Елизавета Сергеевна тронула сына за плечо.
— Андрей посмотри на меня. Пожалуйста…
— Да, легко, — Андрей обернулся, и их взгляды встретились.
— Ким — не человек, — медленно говорила мать, не отрываясь, глядя ему в глаза. — Моя шестая степень дара, позволяет ясно видеть это.
— Ну и хорошо, — кивнул Андрей. — Ну и ладненькою.
Он старался ни о чём не думать, потому что первой же мыслью, дай он им волю, было бы: мать нужно лечить. Всё зашло слишком далеко. Это не так безобидно, как казалось вначале.
— Возьми этот ошейник и затащи Кима в Ад! — почти крикнула Елизавета Сергеевна. — Он же убьёт тебя, если ты этого не сделаешь!
— Ага, — Андрей вышел из машины, закрыл гараж, вернулся за руль, развернул «Дэу» и погнал её к перекрестку. Нужно было спешить, чтобы успеть завезти мать домой. Ему везло. Он попал на зелёную волну и почти без остановок домчался до места…
Он хмуро смотрел на палисадник перед домом матери, где пару месяцев назад лежало тело Аркаши.
Андрей сосчитал до десяти, потом до двадцати. Закончилось всё на пятидесяти. Он сдержал своё раздражение. Но нужно было сказать веское слово матери.
В Андрее не было страха, ужаса, или умиления по поводу сказанного матерью. Он чувствовал жалость к ней. И ещё жалость от того, что он мог предотвратить это раньше, но пустил всё на самотёк.
Пошёл на поводу у матери и Аркаши…
Андрей оглянулся назад, переместил взгляд на коробку с ошейником.
— Мам, мы на месте, — вслух сказал Андрей. — Извини, конечно, но я очень и очень спешу.
— Хорошо, — согласилась Елизавета Сергеевна и вылезла.
Андрей не думал, что всё получится так легко. Он улыбнулся матери на прощание. Старушка помахала рукой. Со стороны всё могло показаться более чем безобидным. Заботливый сорокалетний сын подвёз маму пенсионерку до подъезда.

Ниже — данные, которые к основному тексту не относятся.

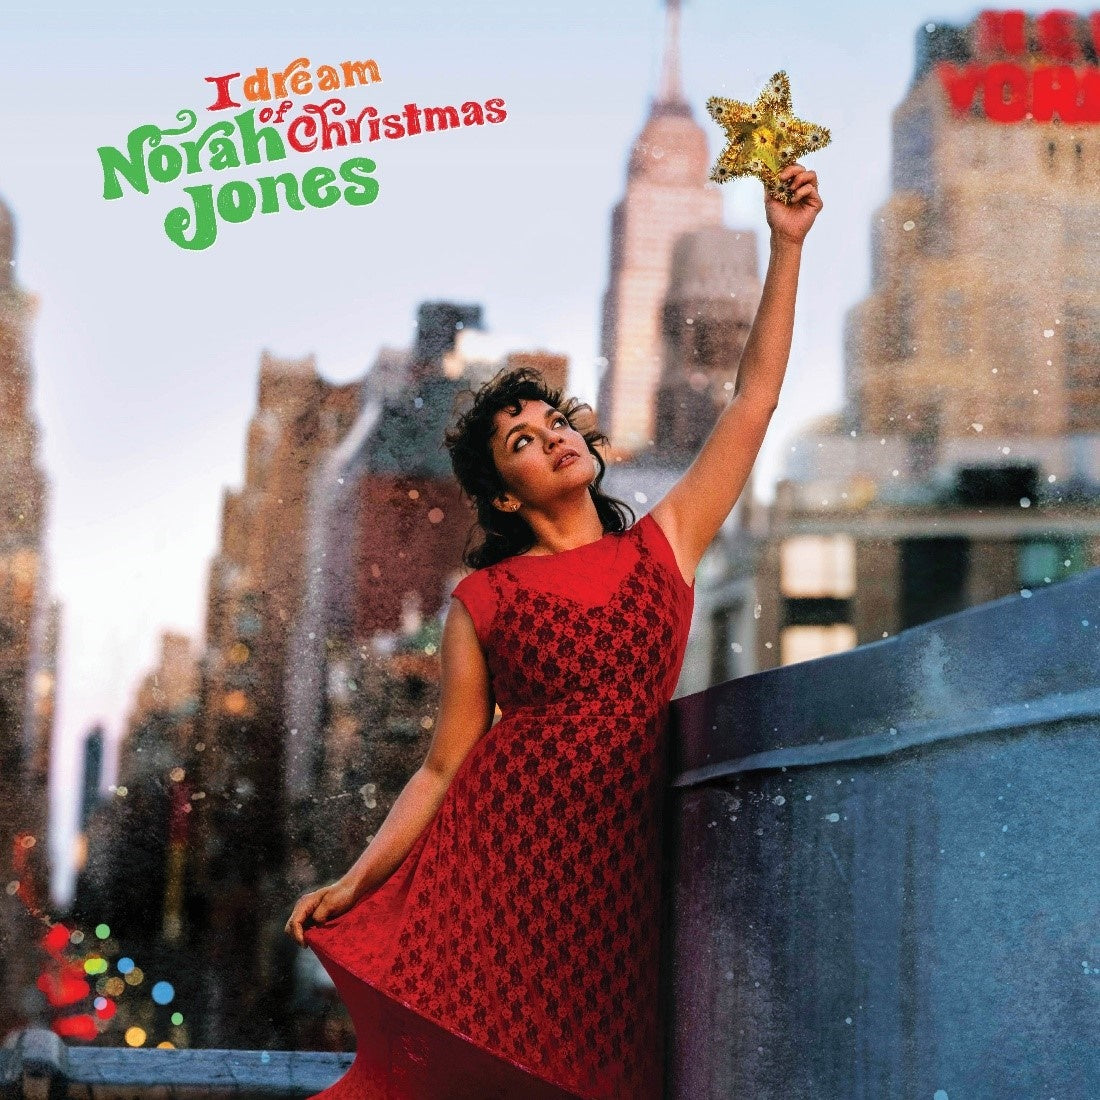 Norah Jones | I Dream Of Christmas [CD] | CD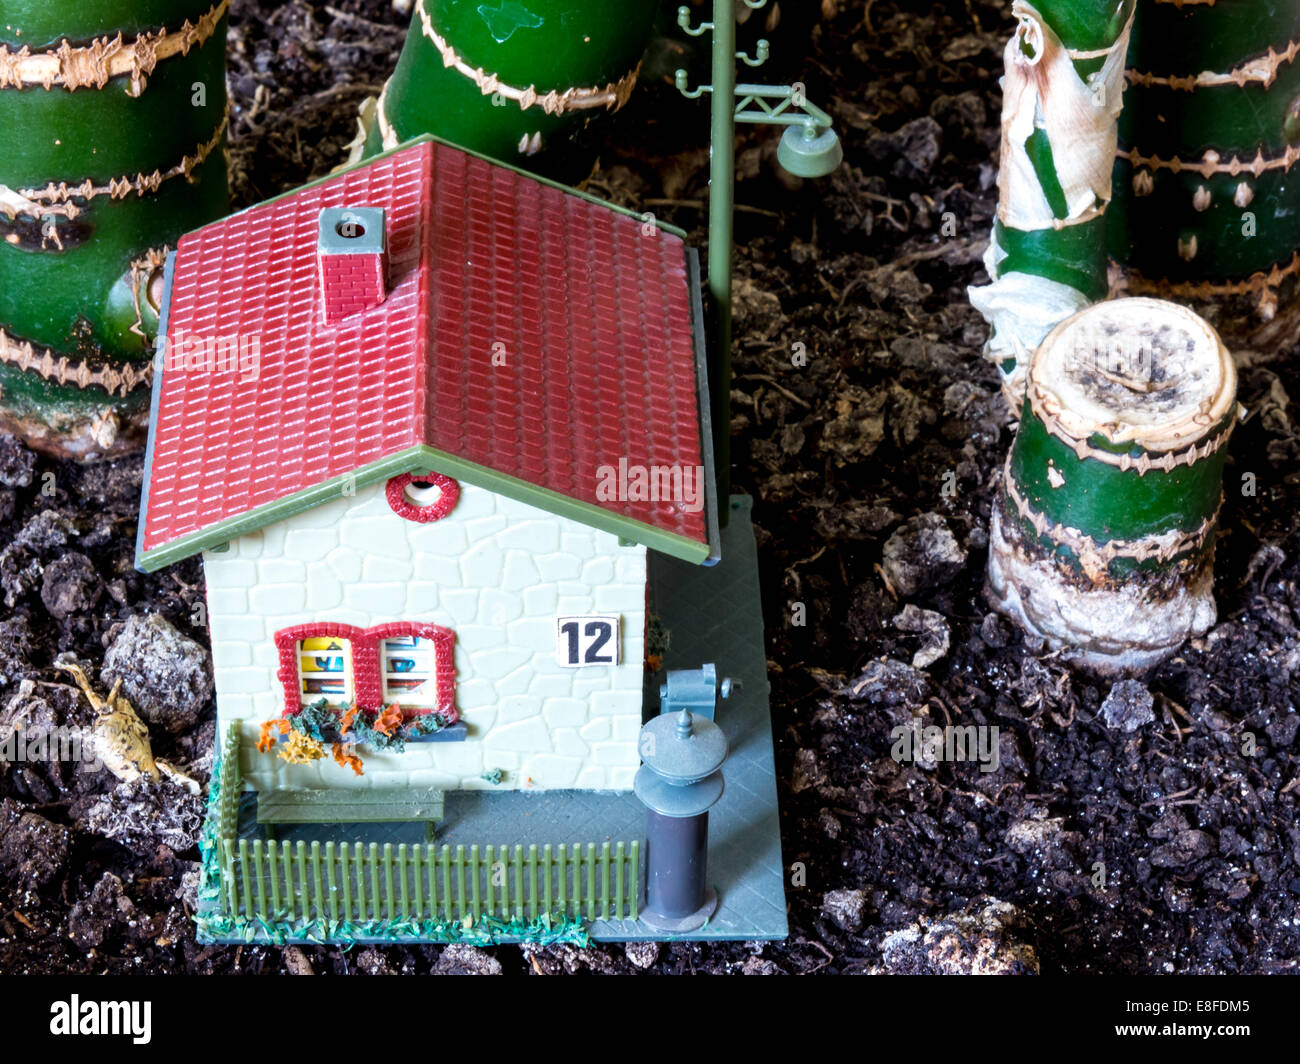 GOMEL, BELARUS - 21. August 2014: Miniatur Spielzeug, in der DDR gemacht. DDR ist Die deutsche Abkürzung für die Deutsche Demokratische Republik. Stockfoto

Андрей понял хитрость матери. Он ударил по тормозам, «Дэу» занесло. С заднего сидения что-то свалилось. Он оглянулся. Так и есть! Мать оставила эту проклятую коробку с собачьим ошейником. Андрей сдал машину назад, схватил коробку и в несколько прыжков догнал мать. Всучил ей ошейник в руки.
— Ты совсем не веришь мне? — спросила Елизавета Сергеевна.
— Нет, мама. Ни единому слову. Я думаю, что пришла пора обратиться к врачам.
— Я не сумасшедшая, — прошептала мать. Андрей видел, как больно для её самолюбия, для самолюбия «госпожи Елизаветы» слышать такое из уст сына. — Ты не смеешь так говорить!
— Смею. — Андрей обнял мать, поцеловал в щёку и прошептал. — У меня есть право говорить так, мам. Потому что я люблю тебя и хочу, чтобы всё было хорошо.
— Я тоже тебя люблю, — еле слышно прошептала Елизавета Сергеевна, сжимая коробку с ошейником. — Я пойду. Завтра пенсию принесут. У меня же теперь нет побочного заработка.
— До встречи, мам, — Андрей вернулся в машину и, не оглядываясь, уехал.
Он стоял в начинающей образовываться автомобильной пробке и чувствовал, что «Дэу» с ним внутри превратилась в пузырёк газа в бутылке шампанского и его толкает и толкает неведомая сила вперёд к пробке.
Андрей три раза произнёс «Отче наш» под песню Боярского «Всё пройдёт». Потом под «Гудбай Америка» Бутусова он прошептал «Богородице дева радуйся…», а когда «Наутилус» сменил Юрий Лоза с песней «Мой маленький плот», Андрей, глядя на иконостас на приборной панели «Дэу», проговорил молитву ангелу хранителю.